A test could be “time to 1000 readable tokens”, but that doesn’t answer any need.

4 Likes

so looks like we are aligned. great job!

1 Like

gpt-5 reasoning medium
time 2m45s

gpt-5 reasoning low
time 1m53s

gpt-5 reasoning minimal
time 1m56s

gpt-4.1
time 32sec

Prompts was with ~20k tokens

4 Likes

Definitely.

The same prompt that takes 2-3 seconds with gpt-4.1 takes around 30-70 seconds in gpt-5. This is not usable in a production level application.

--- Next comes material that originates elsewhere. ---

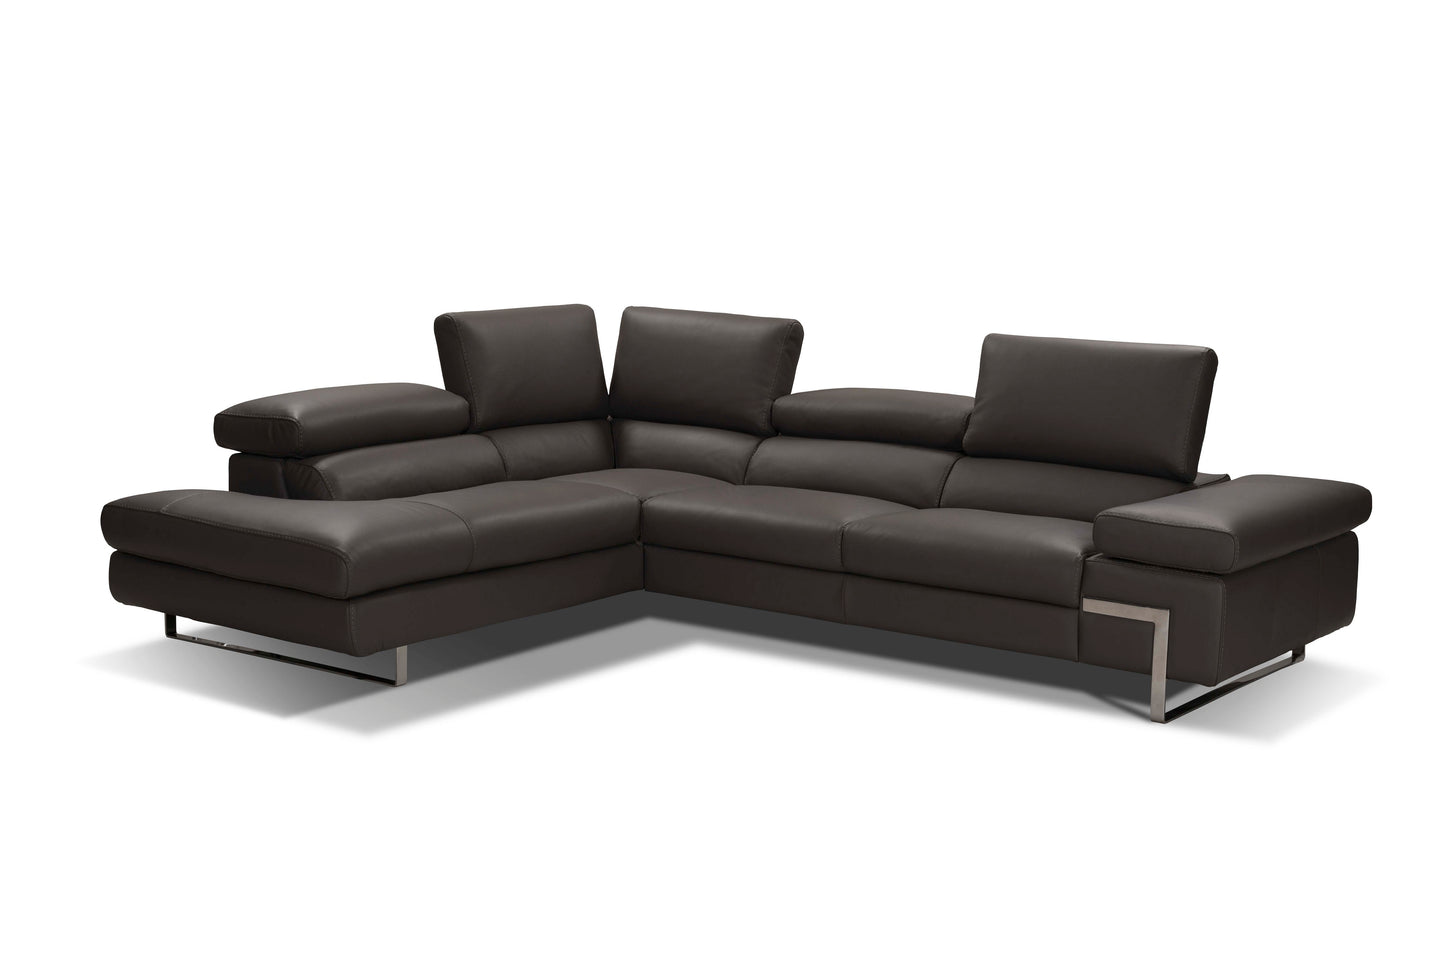 Atelier Italiana I716 Gray Sectional Sofa Left Facing Chaise by Incanto

See the following Trace log, the user prompt was just “Hello”.

3 Likes

Oh! My bad. I was only looking at small prompts. Yes that’s not good at all!

I think you will find it’s acceptable with small jobs.

No that’s just weird. I cannot repro or explain that.

There is also a system prompt around 5k tokens apart from “Hello”.

Which API do you use? This may be related to Responses API. I experienced many problems before that seem like model related but it was actually Responses API.

2 Likes

Chat Completions!

Bingo :bullseye:

2 Likes

Can you repro this issue with another reasoning model with Responses?

Make very sure you are using the special format for reasoning level in Responses btw, which differs to Completions. (links in earlier post)

This does smell like too many cycles going on inside the run, possibly because the specified reasoning level is being ignore?

I am getting the same behavior. Simple tasks in agents api with 3-4k tokens are taking 70 seconds

edit: I think I may have found part of the problem. even with verbosity and reasoning at their lowest settings, gpt 5 has a tendency to write a LOT more tokens than 4.1.

If you specify the length of the output, it equalizes somewhat. I’m still finding large structured outputs are significantly slower on gpt 5 though.

1 Like

It seems like it is related to Responses API because it is nothing to do with Agents SDK. Considering Responses API is very problematic, I’m almost sure.

Can you also post your problem with details here?

I experienced the same thing. Was very excited for a new model given the excellent work ive been able to do with prior models. Very disappointed in the mobile version. There isn’t the option to switch back and the answers are painfully slow leaving it rather unusable for any real work given the time length now it would take to get through one full conversation. I hope they see this feedback and address it.

2 Likes

We have been designing a very large portal with ChatGPT (previously 4o) for 3 months. With the new version 5, we can already say:
“ChatGPT 5 goes much deeper and is far better in the code it delivers.” I was really praying for it.

BUT
After yesterday’s promising presentation, we are all shocked by the slow response times. Every programming-related requests now takes between 60–120 seconds.
A real disaster! And we are very disappointed.

Furthermore, the “computer use” function is not available. Which is also very disappointing.

Markus
Project: https://www.Experts4Germany.com

5 Likes

agree. Response times are a desaster…

1 Like

This is absolutely terrible - in a fresh thread using the 5 Pro model a simple ping to 1m 19s to generate pong - I mean come on. If openai wants me to keep shelling out my $200 shekels a month - they need to do better.